It's kind of a first shot and interpreting a model basically saying, is there some factor that's connected, that's correlating or causing this relationship. A lot of times you don't have it. And so if it's easy to interpret, your job is halfway done already. If it's not, then you need some kind of tools to help you through that process. Let's dive into one more thing and we'll, we'll get to these tools here. I'm gonna take you through a concept and then we'll take you through two tools. The first is global versus local interpretation at a high level.

What this means is that globally, a lot of times, if you try and explain what a model is doing globally, it won't make sense. There are too many factors, too many features in your AI ML data set and the resulting algorithm that generates so that you can't really do it. So one of the things that these tools will do is they will reduce the scope to a very, very localized portion, a small part of the data. And they say for this set of features or for this part of the result set the feature map here is the reason the decision line. If it's over here, it's, it's one element.

If it's over here, another basically it's reducing the problem set so it can interpret it locally. Instead of globally, there are two tools here. And for both of these tools, I'll show you examples using this readily available diabetes progression set from Stanford, basically what this does takes in a number of attributes about patients. And then it gives you a prediction target as a result. Basically it is predicting how likely you are to have diabetes in the near future. Just as a understanding, a level set of what I'm talking about.

First, these tools is called Lyme, and this is using local interpretation. That's in the acronym.

Don't, you can, I'll send to the URL here in a minute, you'll have access to this. So don't stress out what this does is it reduces everything to a local interpretation and then uses kind of like linear aggression to get a dividing line and to see how each of the features each of the attributes, if you will impacts that final number, you see the predicted value at the top, right? 1 75. It makes sense if you understand the, the data set and what the algorithm is trying to do, just take it that it's, it's giving a prediction of how likely diabetes is to result.

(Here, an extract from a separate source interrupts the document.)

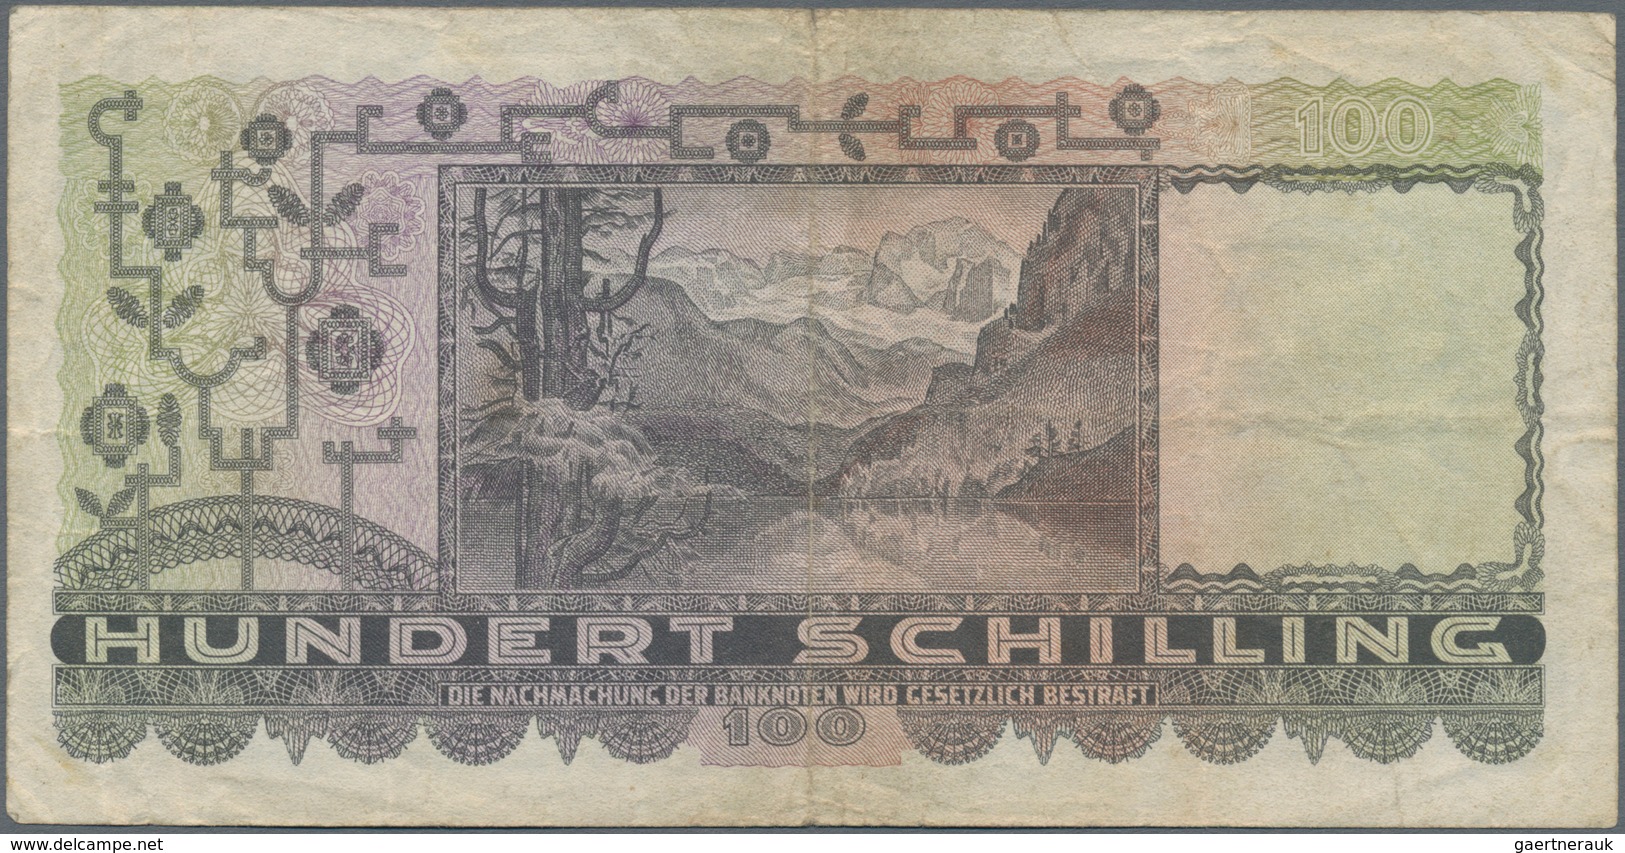 Austria / Österreich: 100 Schilling 1947, P.124, Lightly Stained Paper With Tiny Border Tears. Condi - Autriche
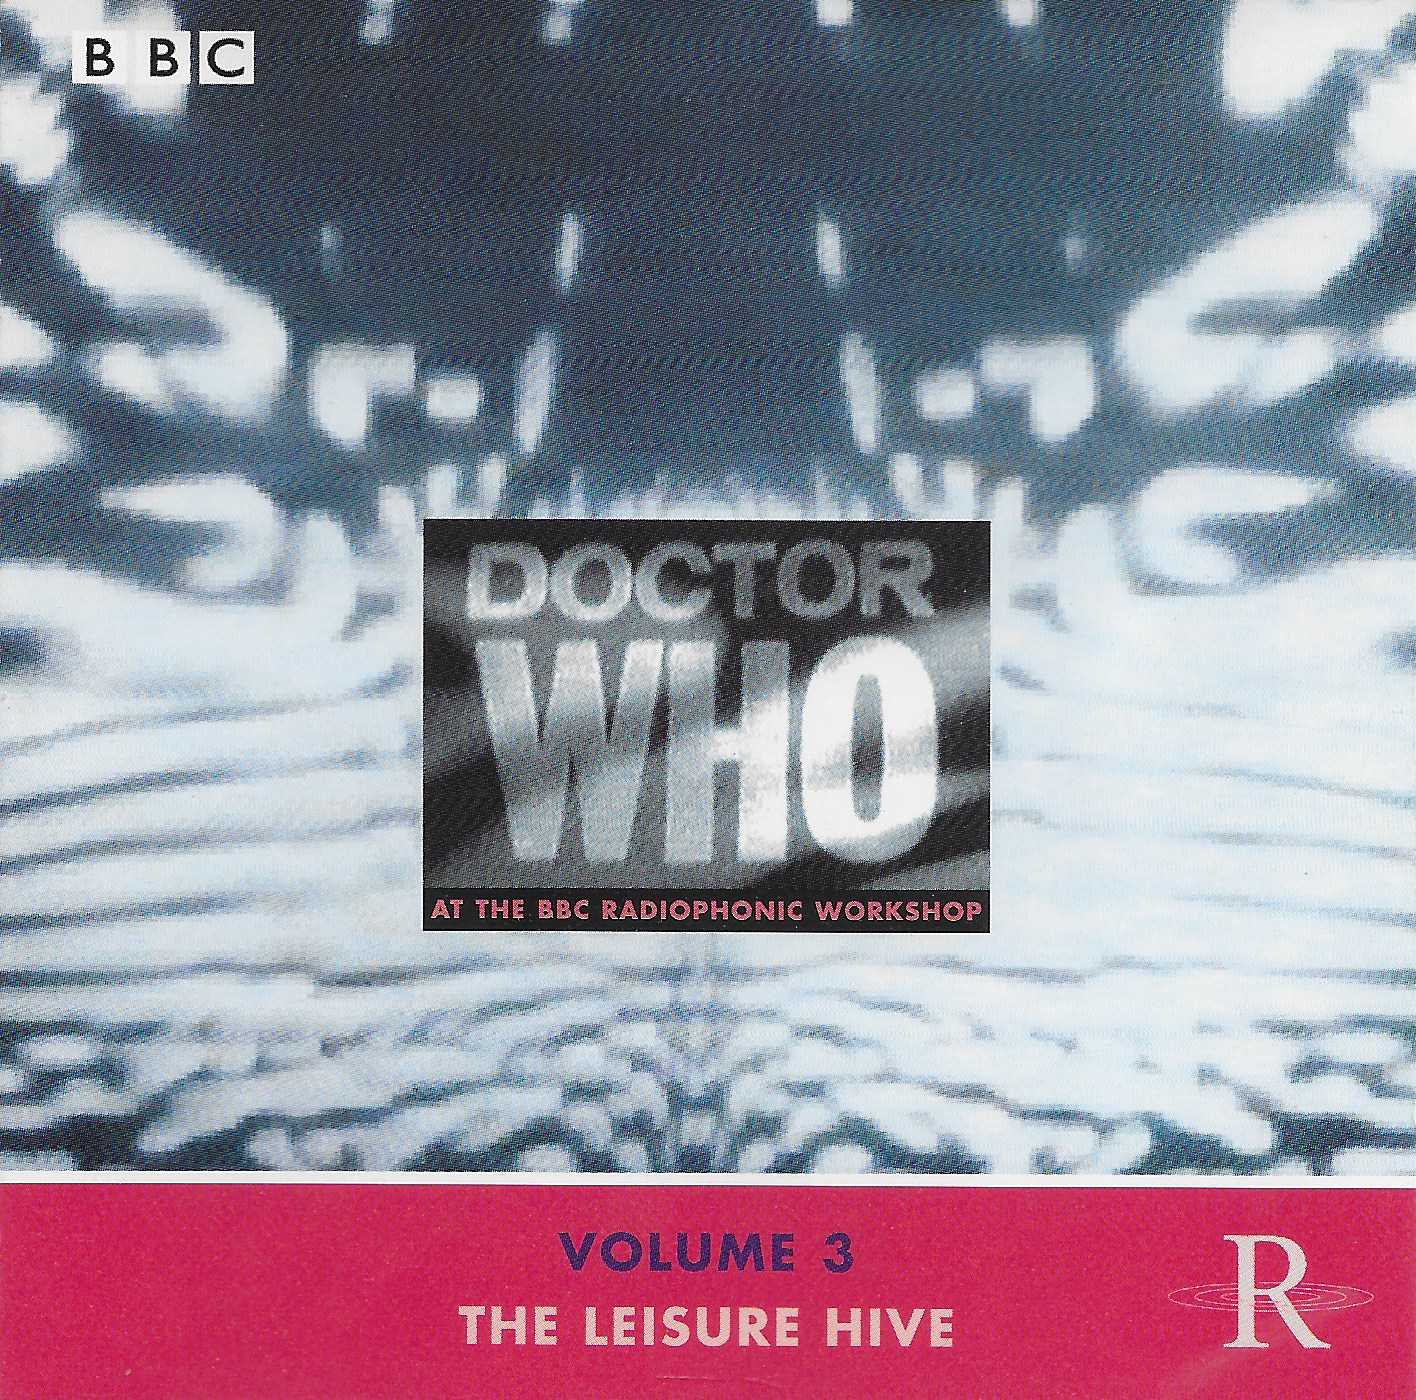 Picture of WMSF 6052-2 Doctor Who - At the radiophonic workshop - Volume 3 - The Leisure Hive by artist Peter Howell / Dick Mills / Delia Derbyshire / Ron Grainer from the BBC records and Tapes library

And then you get this impact each characteristic, whether it's body mass index, which is BMI, how heavy set you are, or age or sex or anything else, how much of an impact positive or negative those factors have on that final number? Now, this is super helpful because Lyme doesn't need to know anything about how you're doing a IML, right? It's gonna take the result set and the data set the entry attributes and give you a chart like this this way.

You know, that body mass index has a relatively high significance on whether or not you're going to get diabetes. Whereas age has less.

So, right. This is a relative factor shop is a little bit different, what it does instead of using a linear regression model, it's going to use game theory. And what it's doing is it's saying, let's say all of these factors, body mass index, age, gender, let's say they all walk into a room one by one, and they start playing a game. If you're ever at a party and you're playing with three people and then four more people join, you know, the game changes, right? The feel of it changes different people are winning. That's what's happening here.

As each of these attributes are included in the model. It shifts that number left or right. Positive or negative. So you get a relative impact, much like Lyme just with a different algorithm to do. This shows you what the impact of each of these features are on that final number.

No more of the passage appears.